> [TASK TO CARRY OUT]:
The answer is the data repeated in full, with no pictures included.

> [STORED DATA]:

-*-

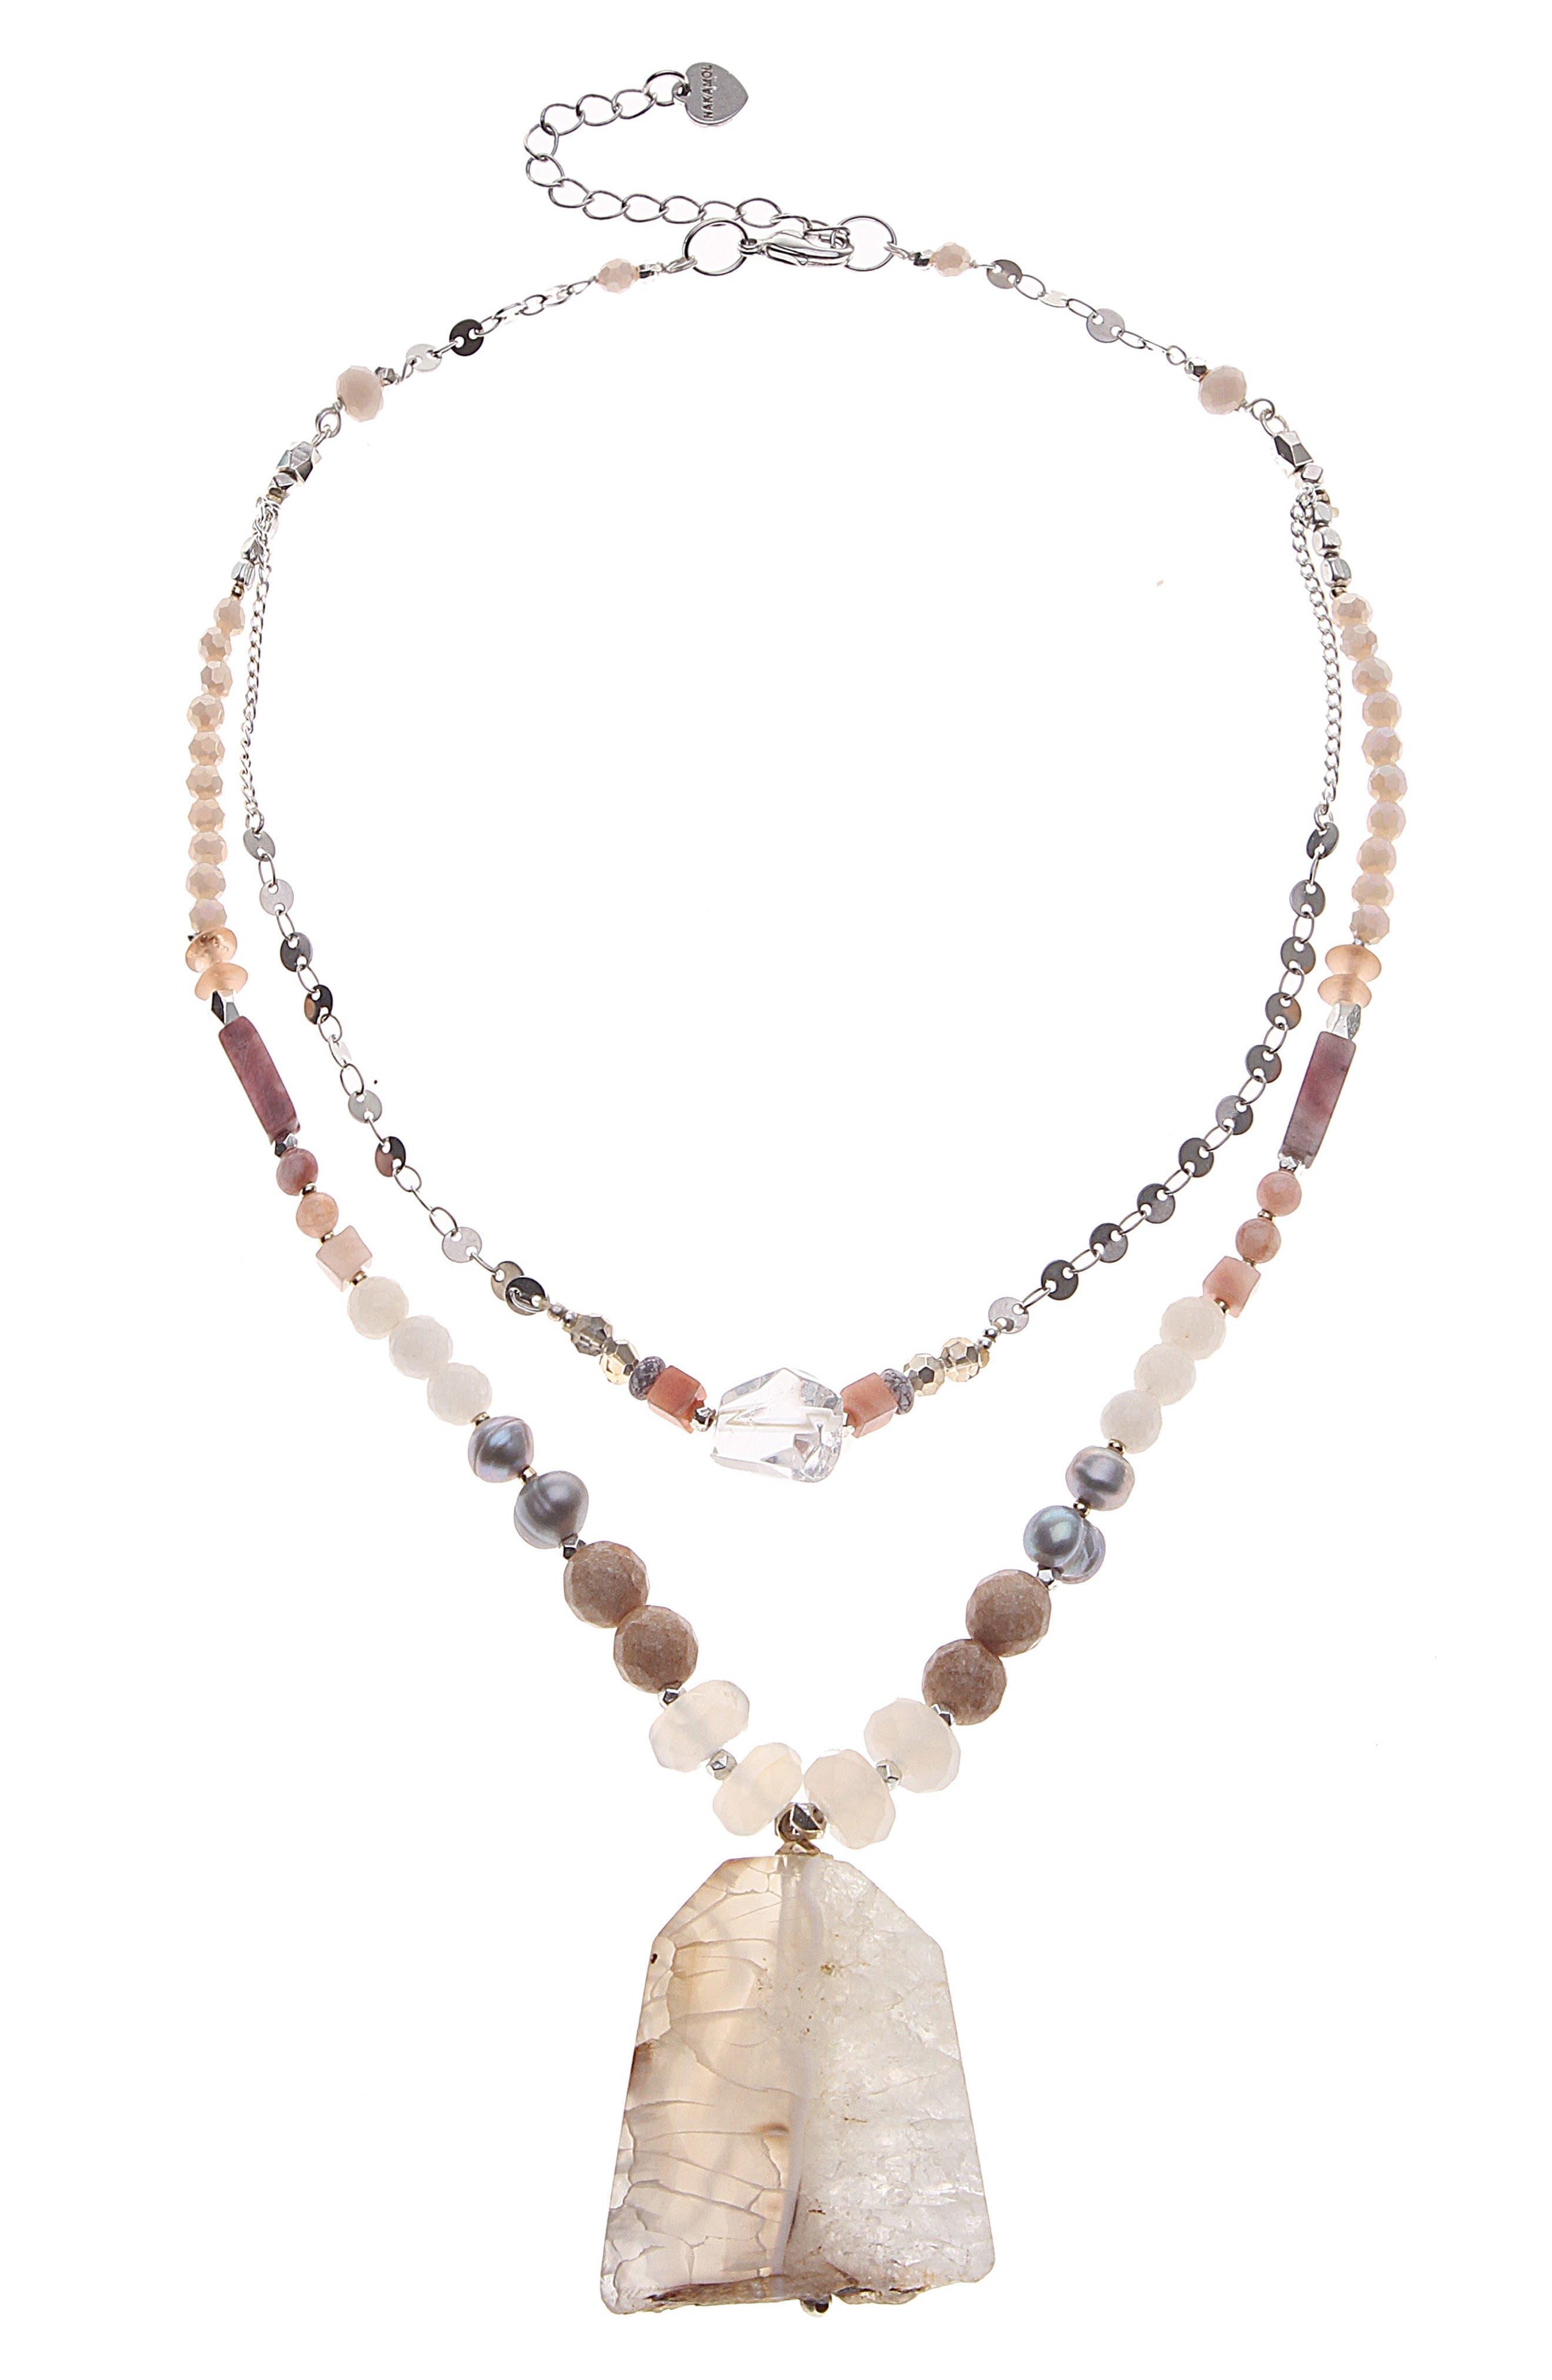 Quartz & Agate 2 Layer Statement Necklace,                         Main,                         color, Nude
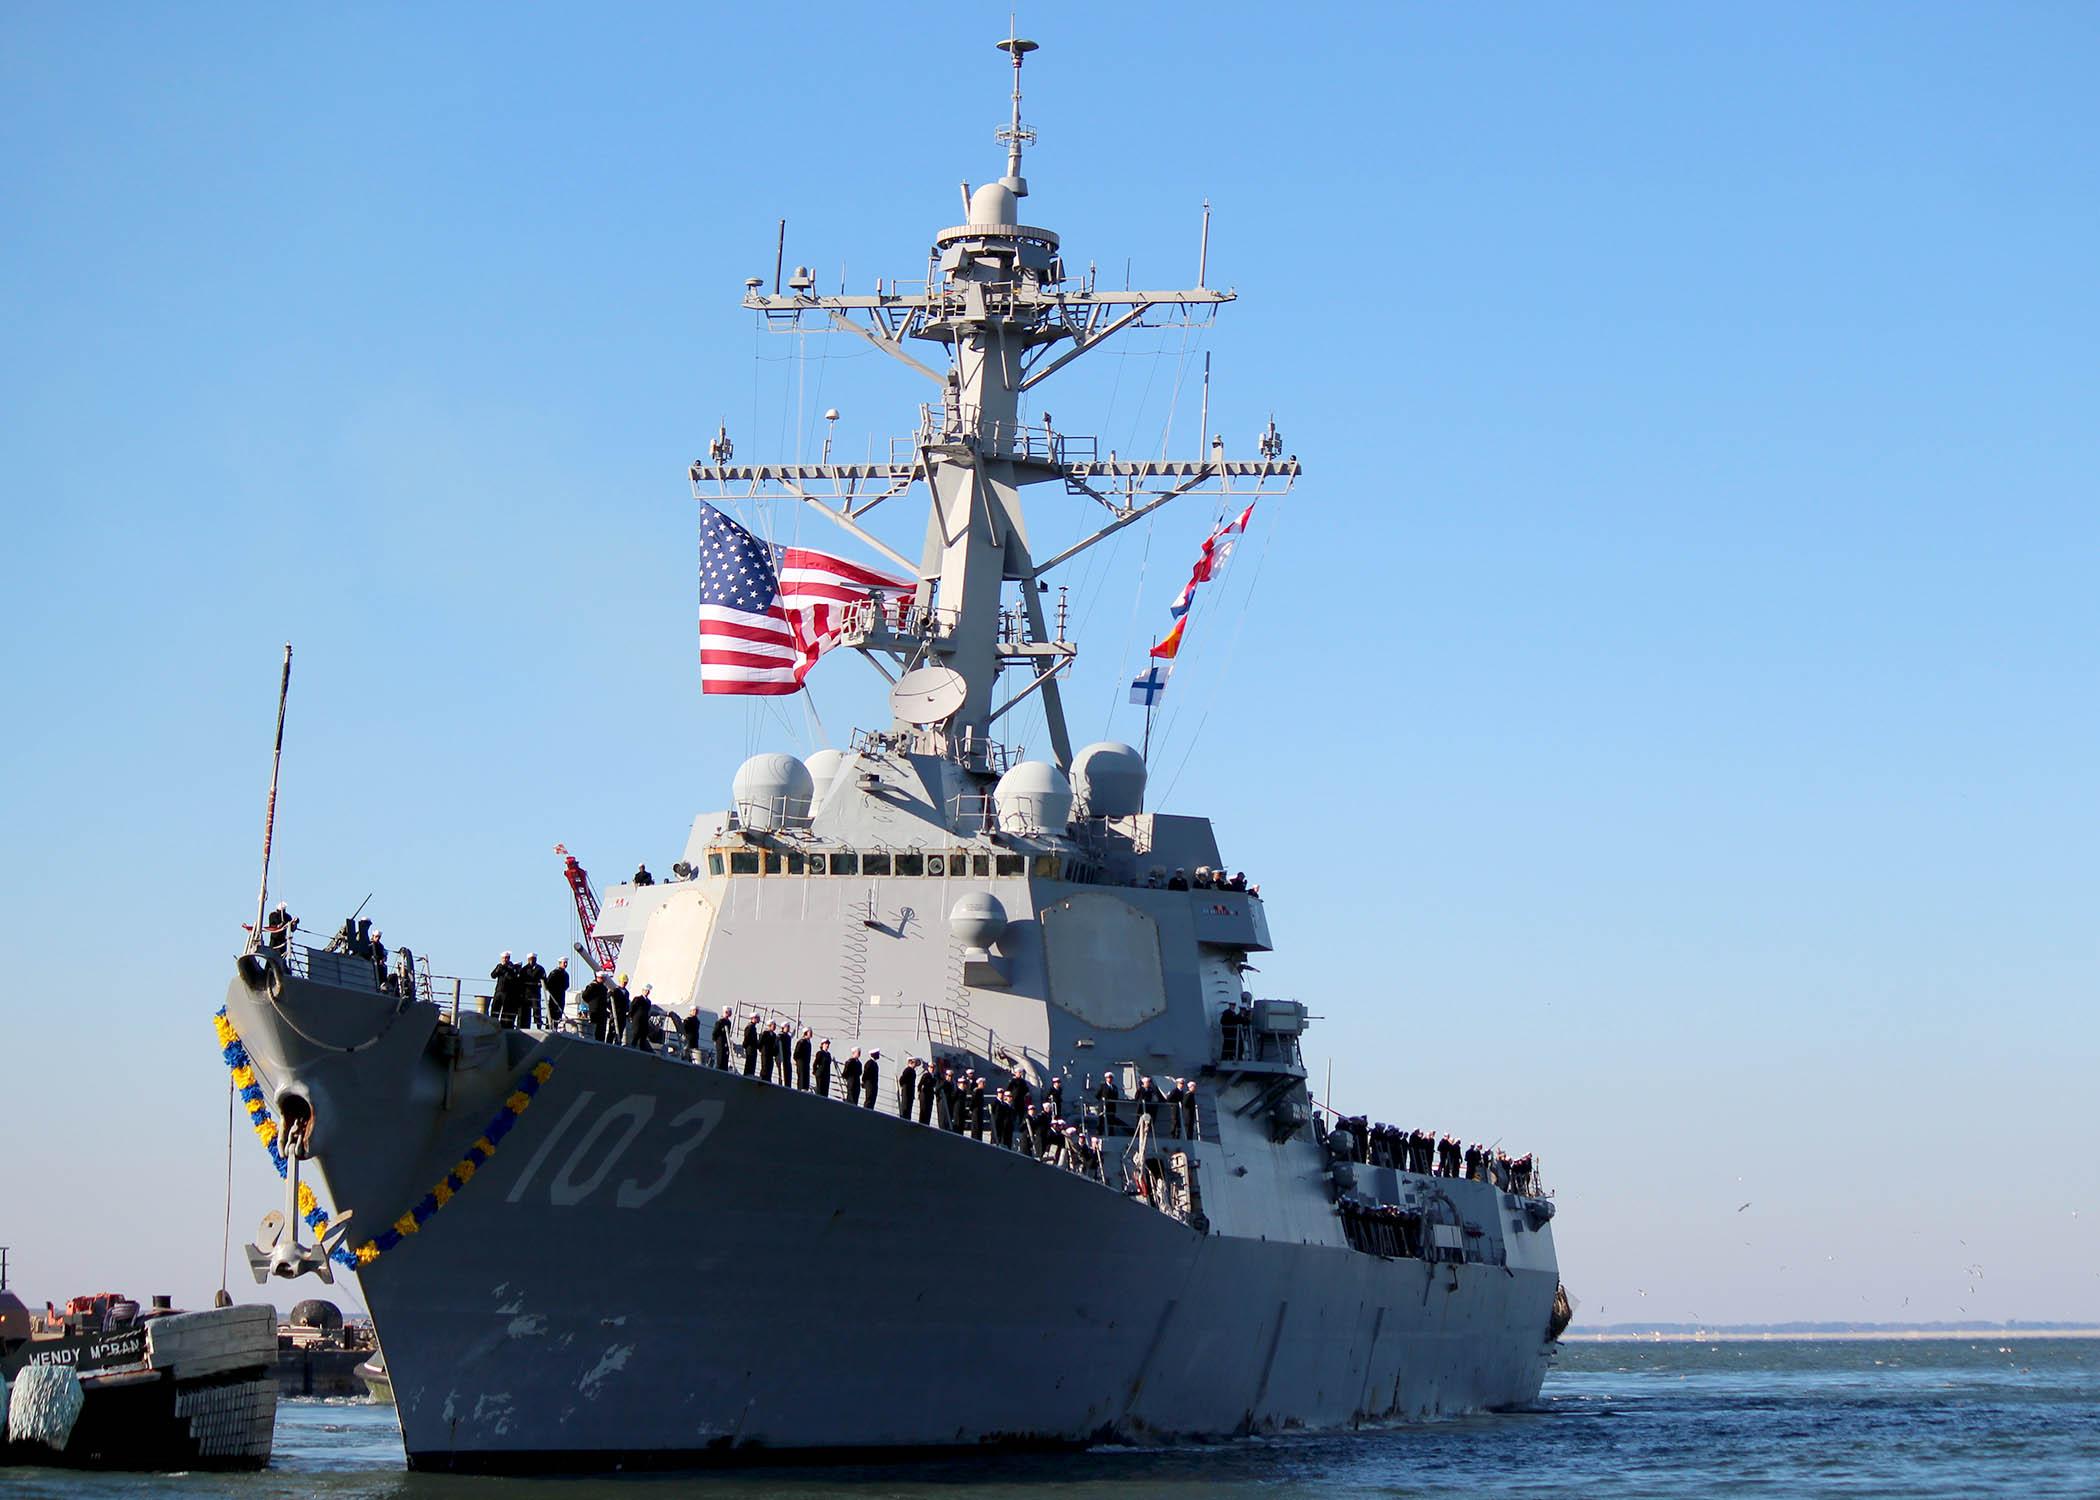 USS TRUXTUN DDG-103 Einlaufen Norfolk am 15.11.2014 Bild: U.S. Navy
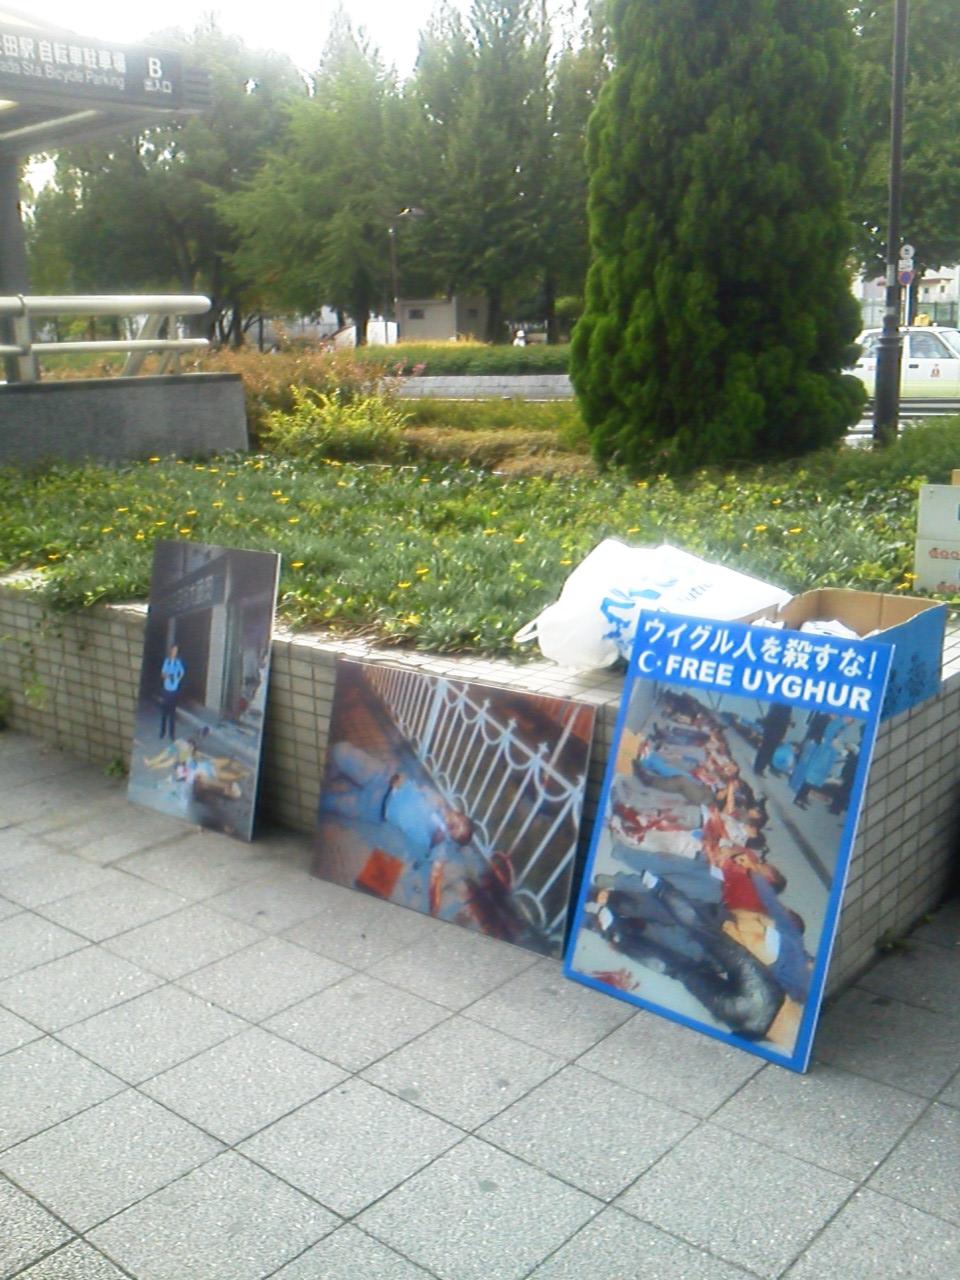 07ナゴヤドーム前名城住宅街宣2012.10.13
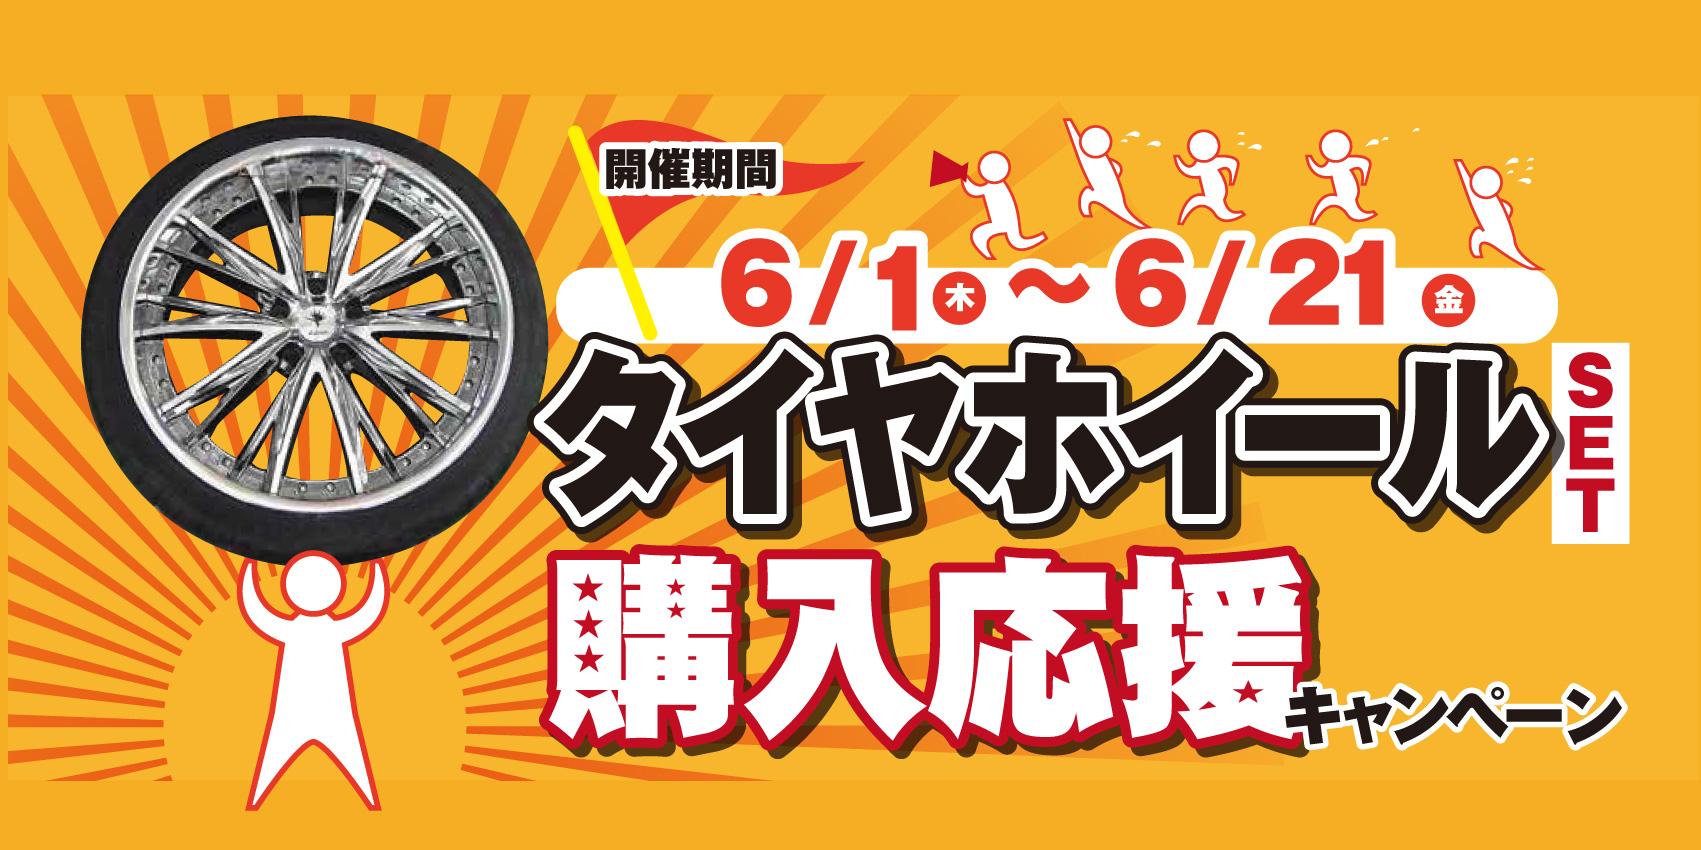 【対象店舖限定】タイヤホイールセット購入応援キャンペーン!

-*-

> [EXERCISE RESULT]:
 Quartz & Agate 2 Layer Statement Necklace,                         Main,                         color, Nude
 USS TRUXTUN DDG-103 Einlaufen Norfolk am 15.11.2014 Bild: U.S. Navy
 07ナゴヤドーム前名城住宅街宣2012.10.13
 【対象店舖限定】タイヤホイールセット購入応援キャンペーン!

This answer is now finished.